Your instructions: Please write out word for word the opening lines of the material, including the line with "Download wallpaper Ruben" as the last.

Supplied material:
────
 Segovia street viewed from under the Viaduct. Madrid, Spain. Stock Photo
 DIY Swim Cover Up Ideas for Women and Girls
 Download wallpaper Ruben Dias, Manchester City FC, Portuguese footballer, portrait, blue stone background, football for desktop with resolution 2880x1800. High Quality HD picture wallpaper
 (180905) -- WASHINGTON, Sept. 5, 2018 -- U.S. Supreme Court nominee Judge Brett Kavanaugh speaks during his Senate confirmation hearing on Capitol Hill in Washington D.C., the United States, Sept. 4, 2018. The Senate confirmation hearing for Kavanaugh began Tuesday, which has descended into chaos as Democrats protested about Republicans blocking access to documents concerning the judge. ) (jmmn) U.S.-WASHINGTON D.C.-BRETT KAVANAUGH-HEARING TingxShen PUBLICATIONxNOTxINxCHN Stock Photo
────
Response area:
 Segovia street viewed from under the Viaduct. Madrid, Spain. Stock Photo
 DIY Swim Cover Up Ideas for Women and Girls
 Download wallpaper Ruben Dias, Manchester City FC, Portuguese footballer, portrait, blue stone background, football for desktop with resolution 2880x1800. High Quality HD picture wallpaper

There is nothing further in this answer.